Il grande amore di Moretti e di Rawfish sono le startup. Ed è con loro che è nato il progetto più folle di tutti: si chiama Bali Program e, concretamente, offre alle realtà più innovative con cui Rawfish decide di lavorare un soggiorno di 30 giorni in Indonesia con viaggio, vitto e alloggio a spese dell’agenzia: «A Bali c’è un team completamente dedicato a loro che comprende un designer e tre developer – spiega Moretti -, tutto dedicato al progetto. Si parla del progetto da mattina a sera. Portiamo lì a lavorare i nostri sviluppatori che sono contentissimi. Gli orari di lavoro non esistono, là: la nostra unica religione è l’on time».
Non è solo un’idea originale, ma è figlia di una metodologia di lavoro ben precisa: «Se io porto uno startupper qui in ufficio è un disastro. – spiega -. Lo startupper arriva col suo progetto della vita, magari senza aver mai lavorato prima. Pretende che lo sposi, che non ci siano sabati e domeniche, che le riunioni possano durare in eterno. Sono molto ansiosi: si parte da un’idea lean, dal minimum valuable project, ma subito ci infila dentro un mare di funzioni. Il processo d’arrivo in un prodotto finale è diverso: lunghissimo, costoso, ma più corretto. Serve implementare una feature alla volta, testarla molto bene, avere pazienza. È per questo che li portiamo a Bali. Per cambiargli la testa».
Quel che fatica a cambiare, perlomeno in Italia, è la politica: «Noi investiamo davvero sul capitale umano – spiega Moretti -: diamo stipendi alti, facciamo lavorare da casa chi ha i figli. Lo smart working è il nostro valore aggiunto.
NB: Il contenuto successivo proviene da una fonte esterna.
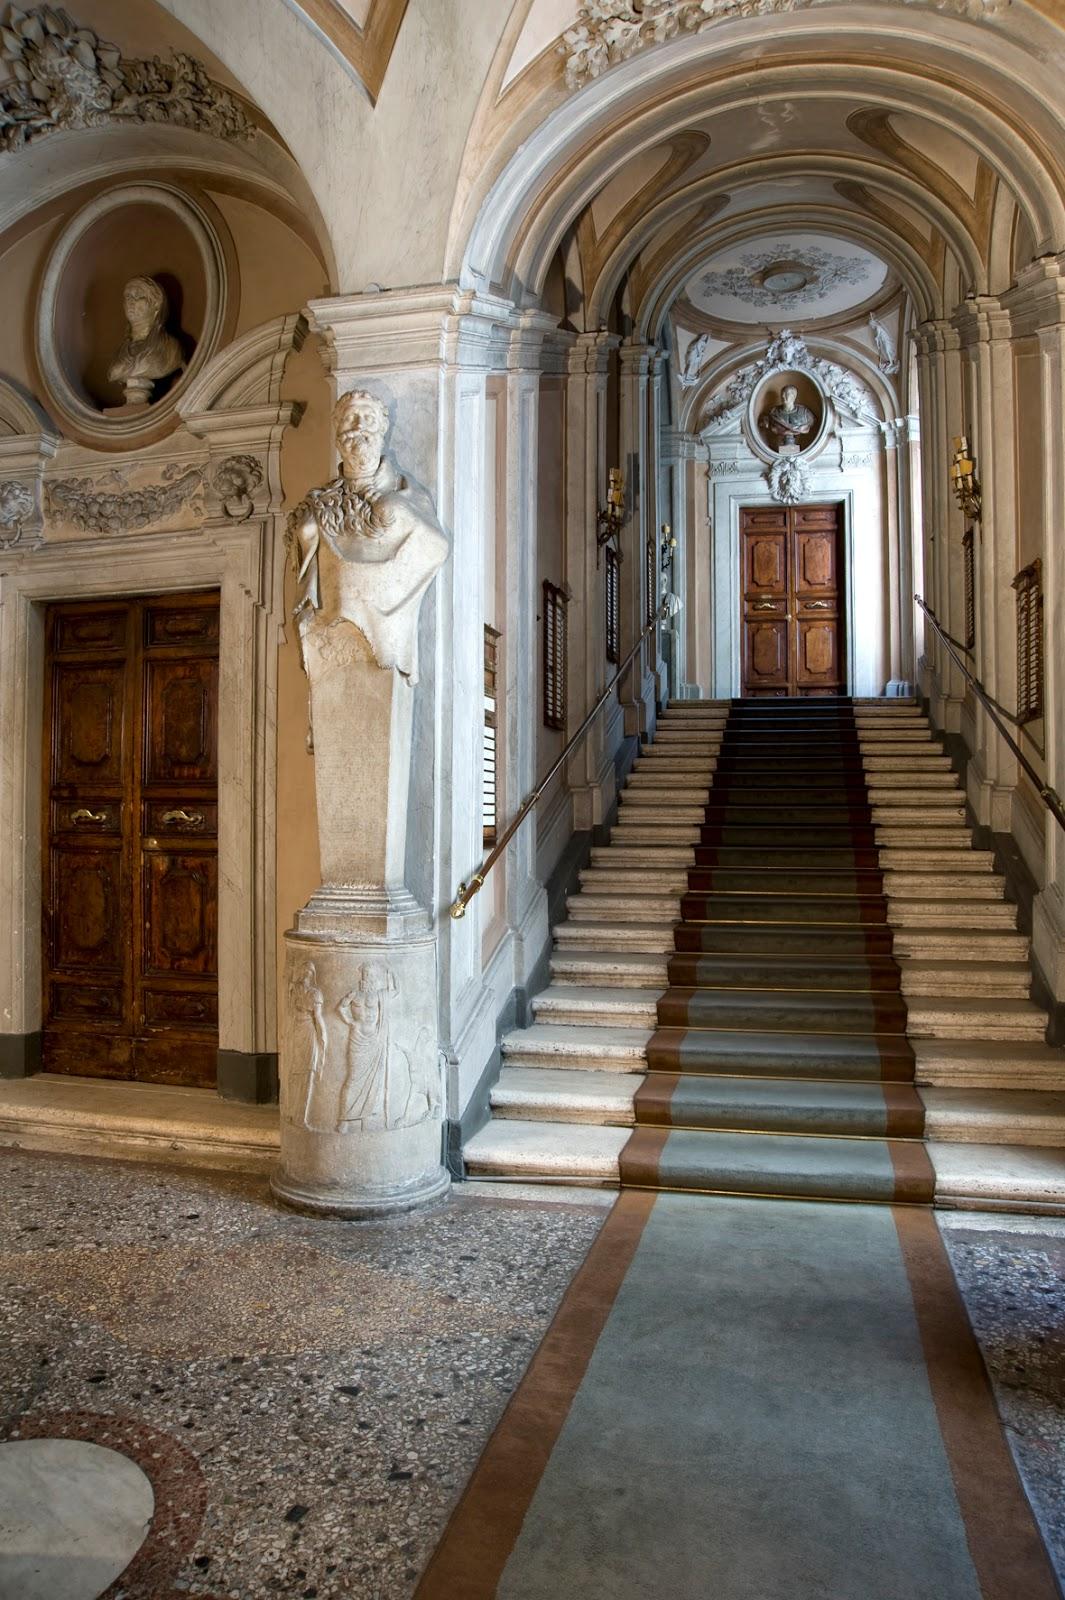 Courtyard of Palazzo Rondanini

Eppure siamo costretti a inquadrare i nostri sviluppatori come metalmeccanici. Questo per far capire la distanza tra paese reale e chi fa le leggi». L’unico che si salva? Matteo Renzi: «Il jobs act ci aiutato molto a crescere. E se non altro, è il primo Presidente del Consiglio che ha ritenuto opportuno andare a vedere che succede in Silicon Valley».